#### DATA EXTRACT ####
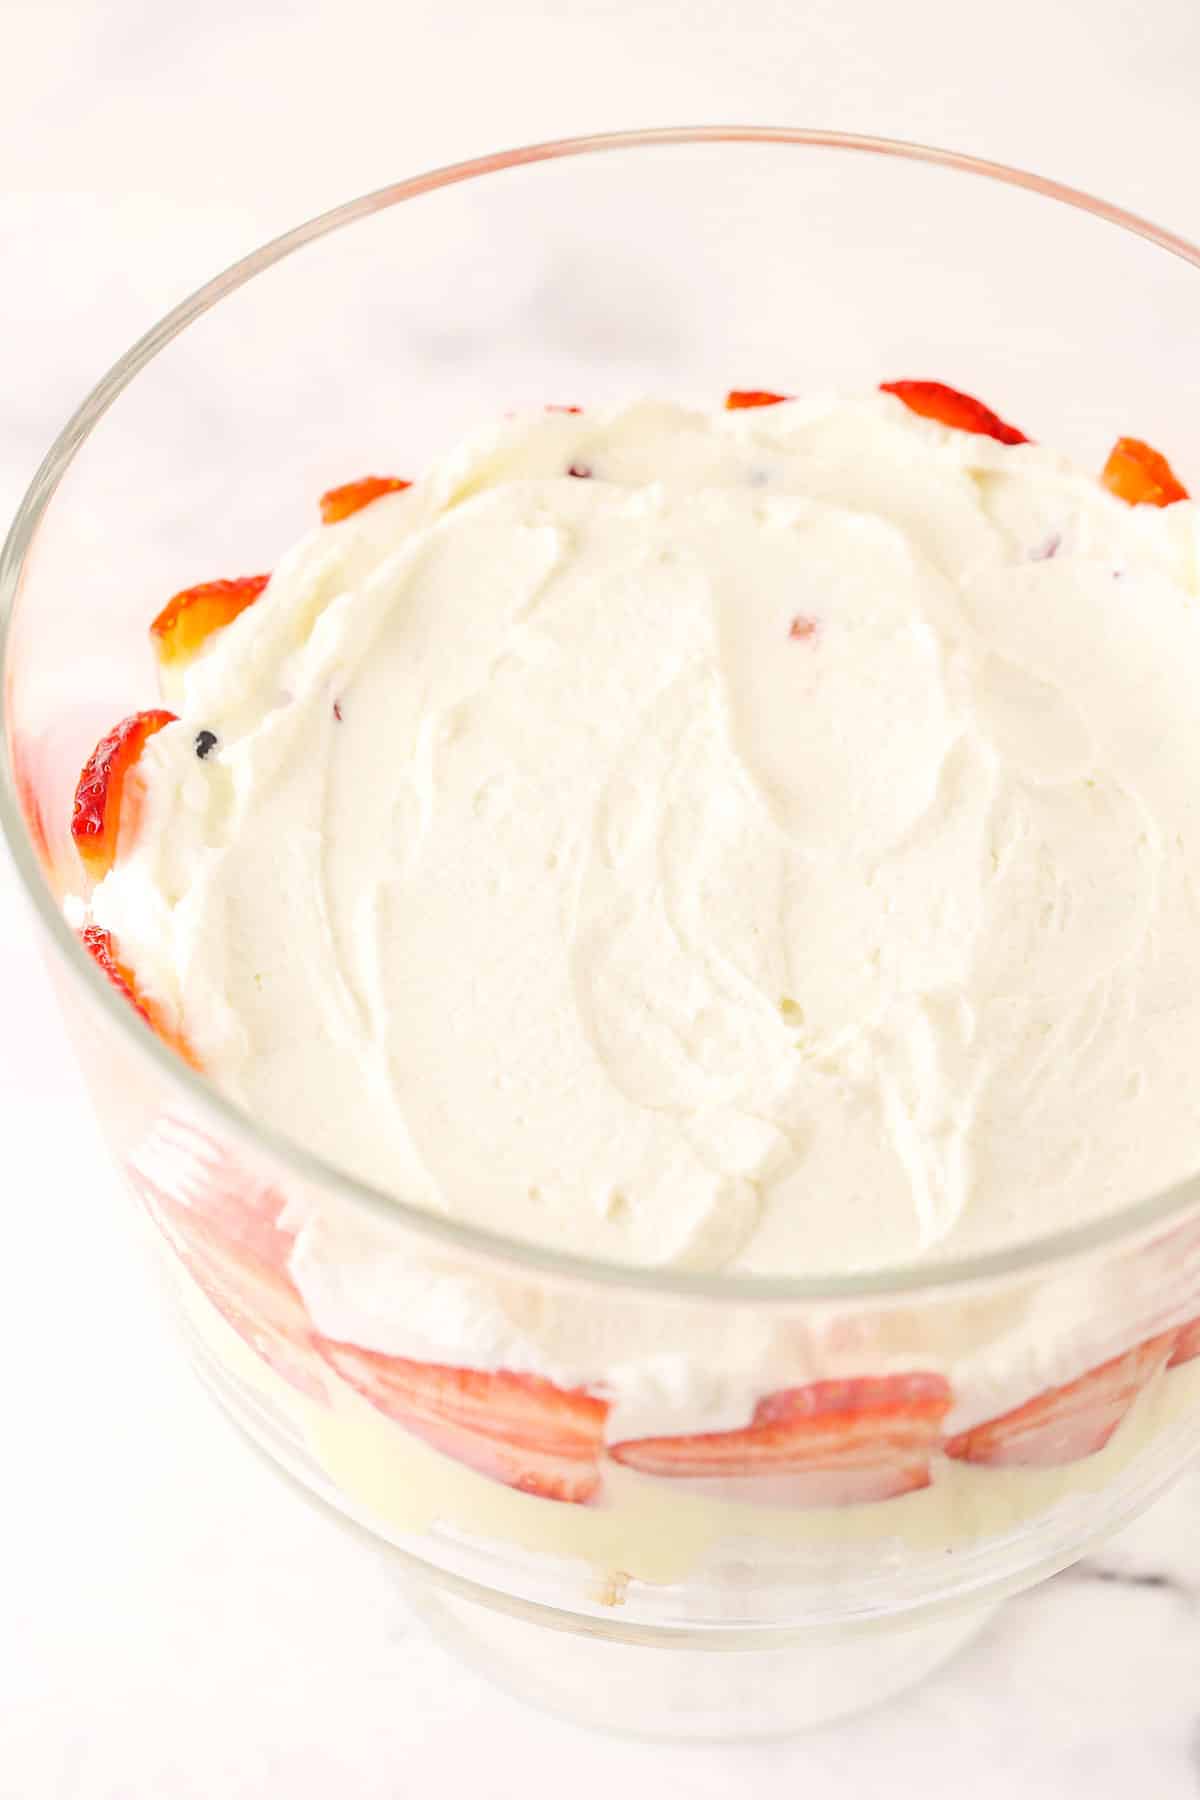 Overhead view of whipped cream being added on top of trifle berries layer.
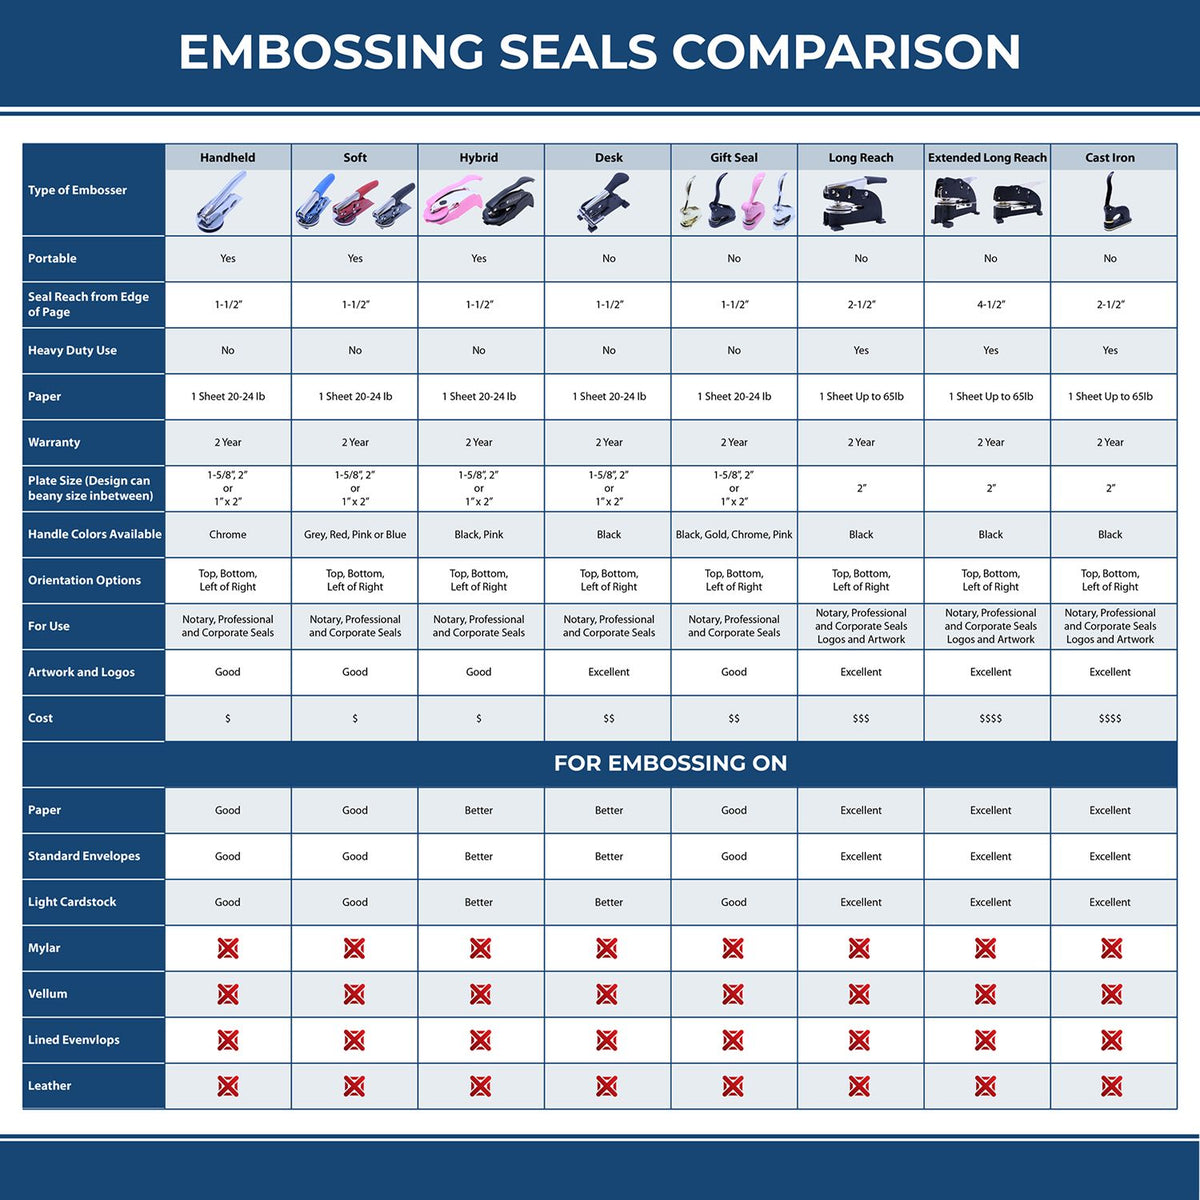 A comparison chart for the different types of mount models available for the State of Kansas Extended Long Reach Geologist Seal
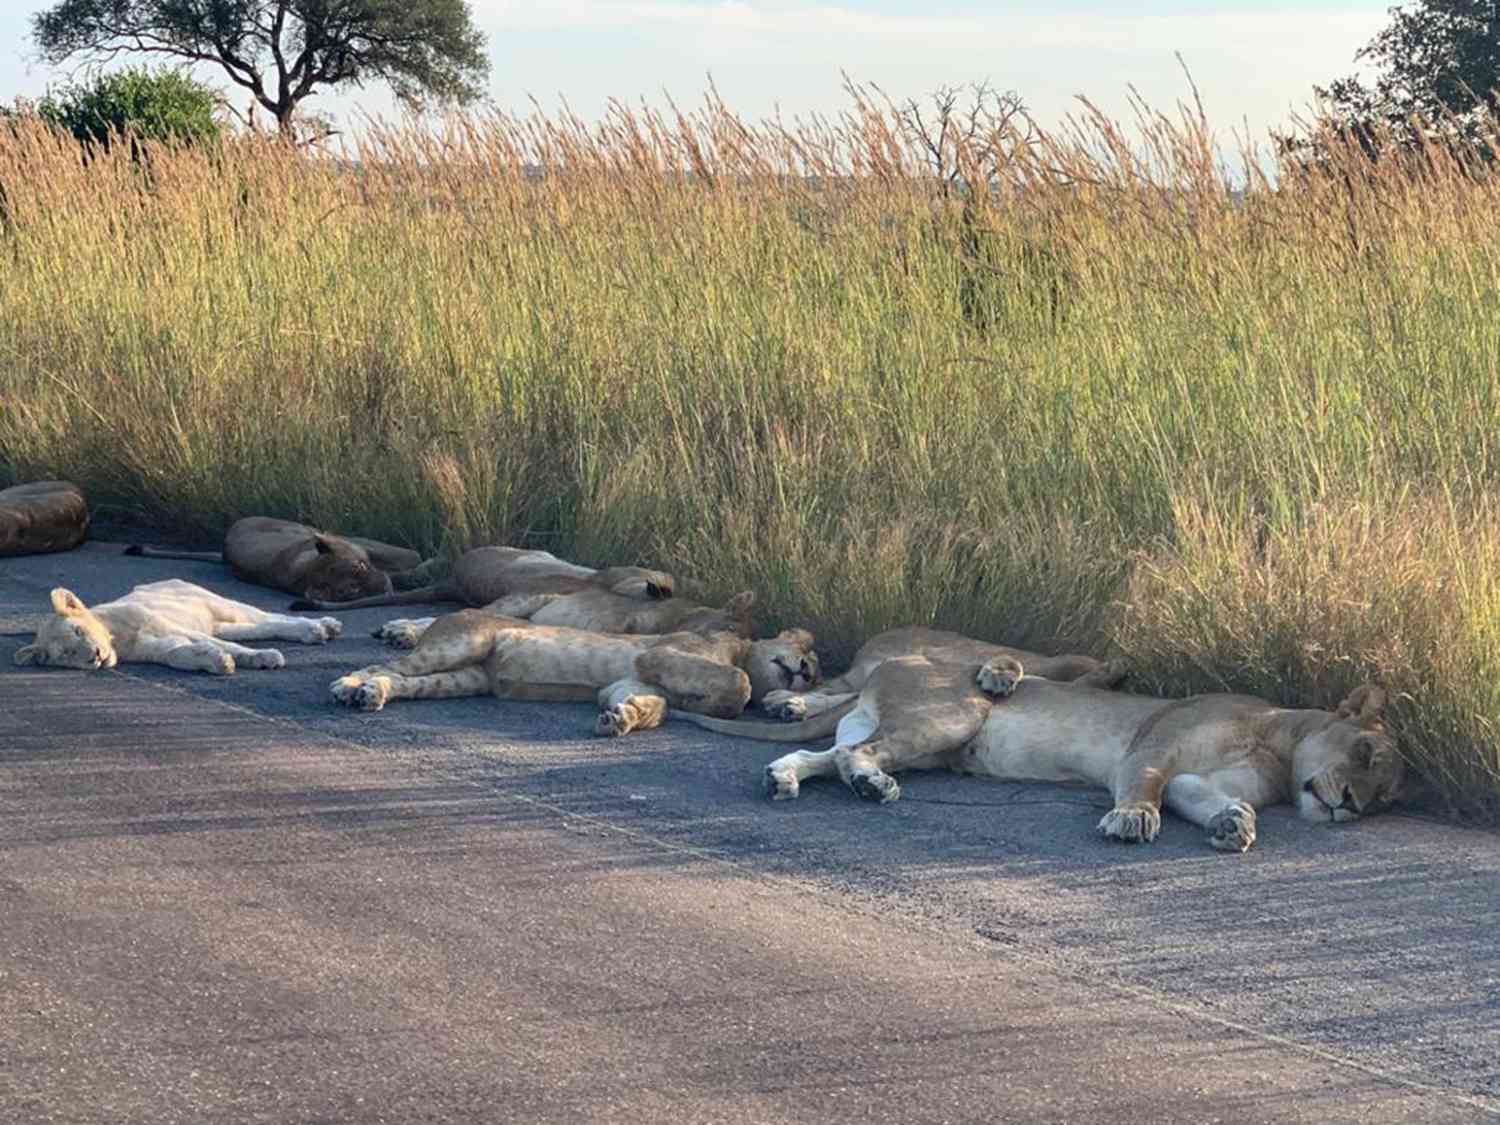 Lions Are Enjoying More Naps on the Roads of South Africa's Kruger National Park
####
### WORK TASK:
In the listing, find the line with "A comparison chart" and retype exactly from there through the last line, both included, leaving the pictures out.

### FINAL ANSWER:
 A comparison chart for the different types of mount models available for the State of Kansas Extended Long Reach Geologist Seal
 Lions Are Enjoying More Naps on the Roads of South Africa's Kruger National Park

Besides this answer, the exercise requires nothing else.